AUL State Supreme Court Project

With Liberty and Justice for Some:

Massachusetts’ Supreme Court on Life and Death

 

Summary of the Massachusetts Supreme Court Whitepaper

 

For a PDF copy of the full Massachusetts Whitepaper, please click here

 

The Supreme Judicial Court of Massachusetts has been less than solicitous in its willingness to protect life at all stages. The Court’s power of judicial review comes from the Massachusetts Constitution, of which the Court is the ultimate authority.

 

Life Issues

 

Abortion

The Massachusetts Constitution recognizes a right to abortion. The Court has extended this right farther than Roe v. Wade in Moe v. Secretary of Administration and Finance, where it found a state constitutional right to government funding for “medically necessary” abortions for indigent women; and in Planned Parenthood League of Massachusetts v. Attorney General, where it held a Massachusetts statute requiring consent of both parents was unconstitutional even with a judicial bypass mechanism.
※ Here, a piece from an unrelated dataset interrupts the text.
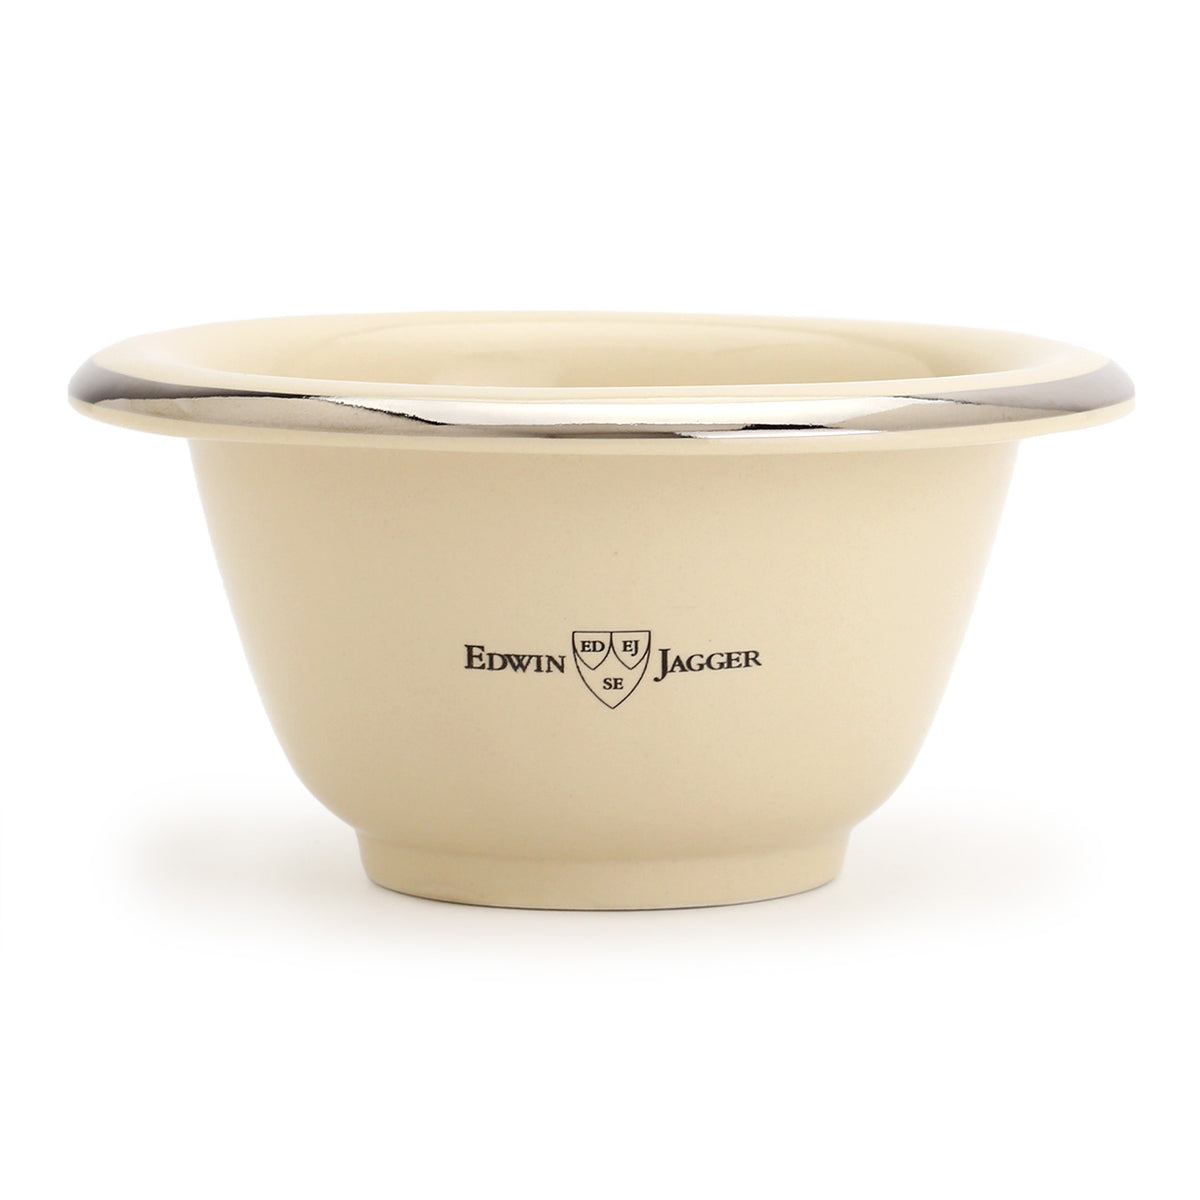 Edwin Jagger Ivory Lather Bowl - side view
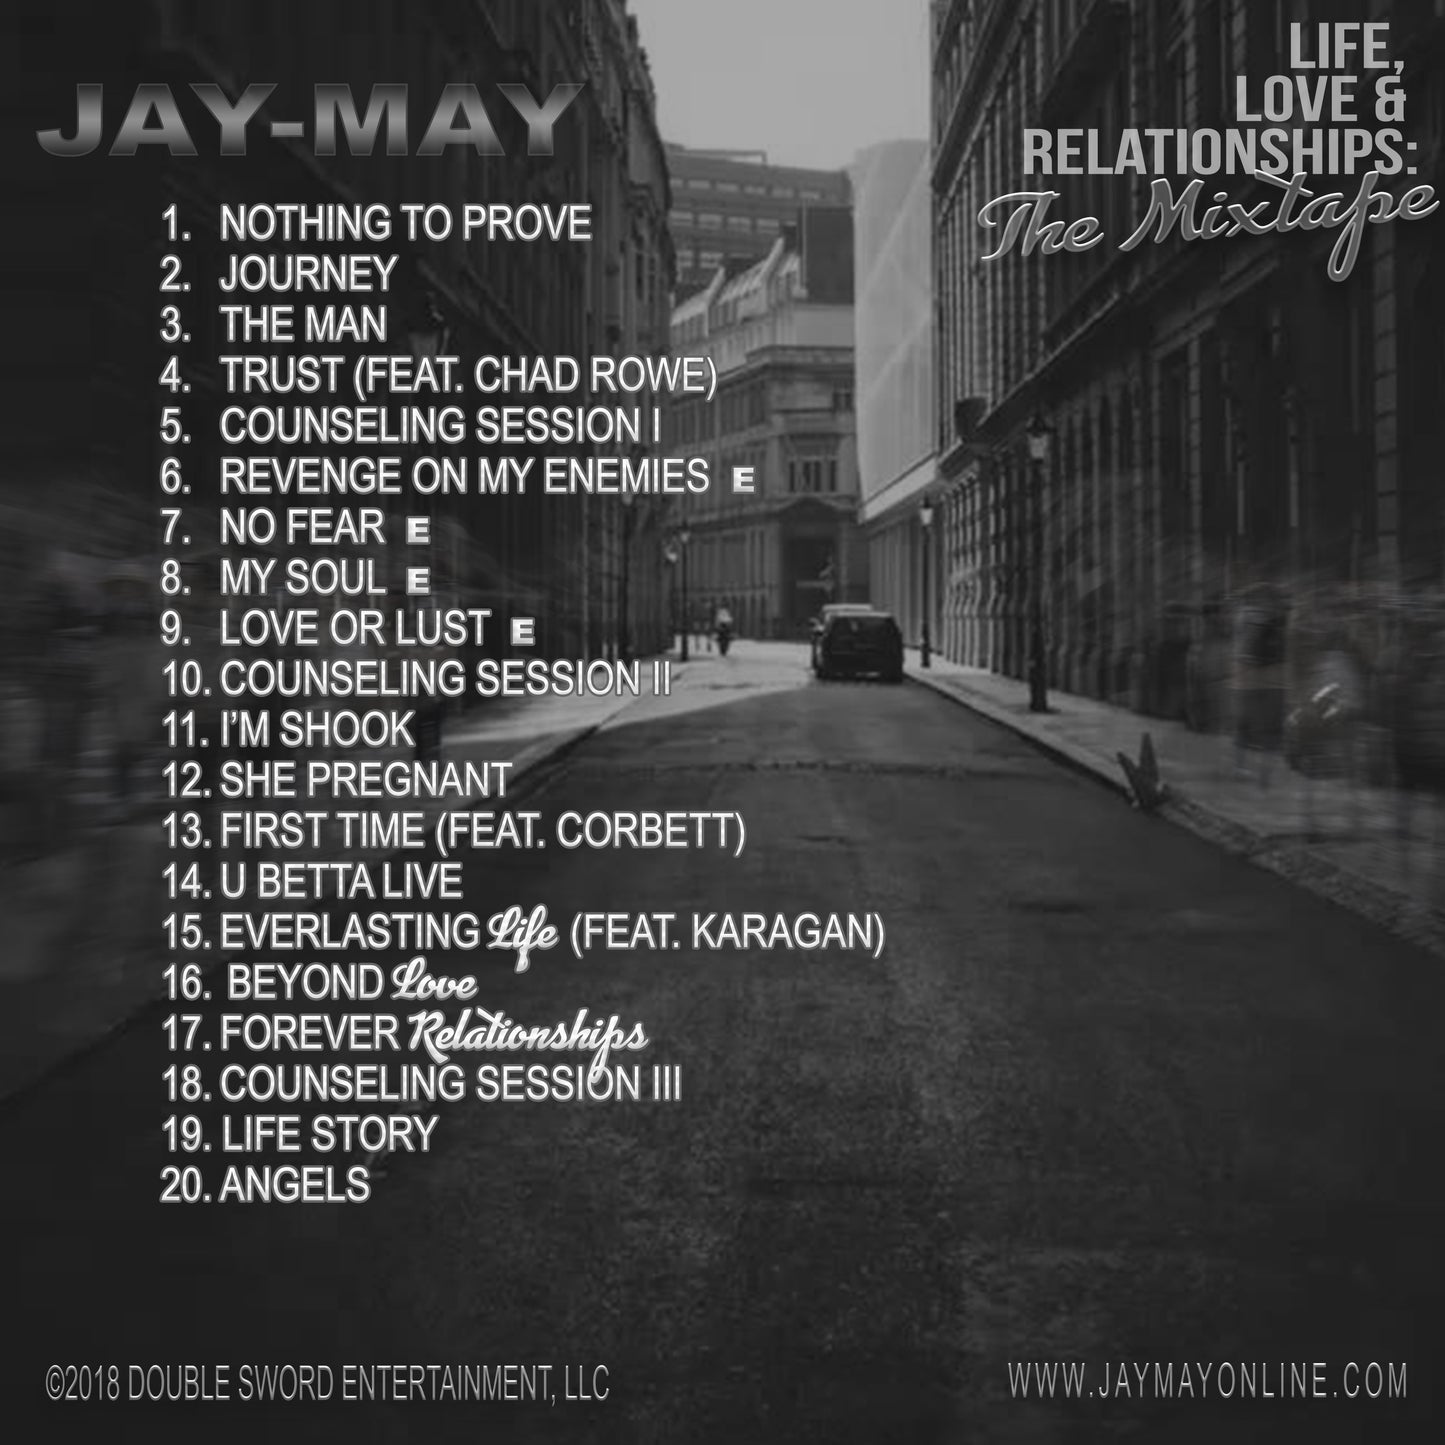 Life, Love & Relationship: The Mixtape (Physical CD)

The Court has not considered provisions regarding informed consent or a 24-hour waiting period since Planned Parenthood of Southeastern Pennsylvania v. Casey.

 

Protection of the Unborn from Criminal Violence

The Court in Remy v. MacDonald ruled that a viable fetus is a “person” within the meaning of a Massachusetts motor vehicle homicide statute and is thus protected against attack by a third party other than the mother, as she has no legal duty towards the fetus. In Mone v. Greyhound Lines, Inc, the Court made a similar ruling for tort recovery under the Massachusetts wrongful death act. While the Court extended recovery to a pre-viable fetus born alive who died within hours in Torigian v. Watertown News Co., it refused recovery in Thibert v. Milka for one that had not been born alive.

 

Assisted Suicide

In Superintendent of Belchertown State Sch. v. Saikewicz, the Court decided that the standard for determining substituted judgment must take into account the patient’s present and future incompetence. In Brophy v. New England Sinai Hospital, the Court ruled that the mere preponderance of evidence of substituted judgment was sufficient to allow the disconnecting of life support. With respect to refusing treatment, the Court in Norwood Hospital v. Munoz and Matter of Macauley recognized the right of competent adults to refuse life-sustaining blood transfusions for religious reasons but more extensively for personal autonomy.

 

Healthcare Rights of Conscience

Massachusetts law provides protection to health-care employees conscientiously opposed to abortion, but a more recent law has only a very limited religious freedom exemption for emergency health-care providers who oppose providing emergency contraception. The Court has not addressed the interaction of these statutes.

 

Cloning and Destructive Embryo Research

In A.Z. v. B.Z., the Court sided with the biological parent who wanted the destruction of a frozen embryo or “pre-embryo”, as the Court called it. The Court has not decided any cases in the area of human cloning or destructive embryo research.

 

 

Judicial Restraint

 

The Court has demonstrated a strong activist tendency as exemplified in Goodridge v. Dept. of Public Health, where it legalized same-sex marriage as a constitutional right by a 4-3 majority. In Planned Parenthood League of Massachusetts, the Court effectively rewrote a Massachusetts law requiring two parents to consent to require consent from only one parent.

 

 

The Court

 

The Massachusetts Supreme Judicial Court is composed of a chief justice and six associate justices. Members are appointed by the Governor with the consent of the Governor’s Council and serve until mandatory retirement at age 70. A judge is removed by a “bill of address,” by the Governor and Governor’s Council, with the concurrence of both houses of the legislature. The current chief justice was a board-member of an abortion clinic prior to her appointment. The Massachusetts Supreme Judicial Court White Paper contains a table of biographical information for each current member of the Court.*

 

* Since the publication of the White Paper, in September 2007, Governor Deval Patrick appointed Justice Margot Botsford to succeed the late Justice Sosman.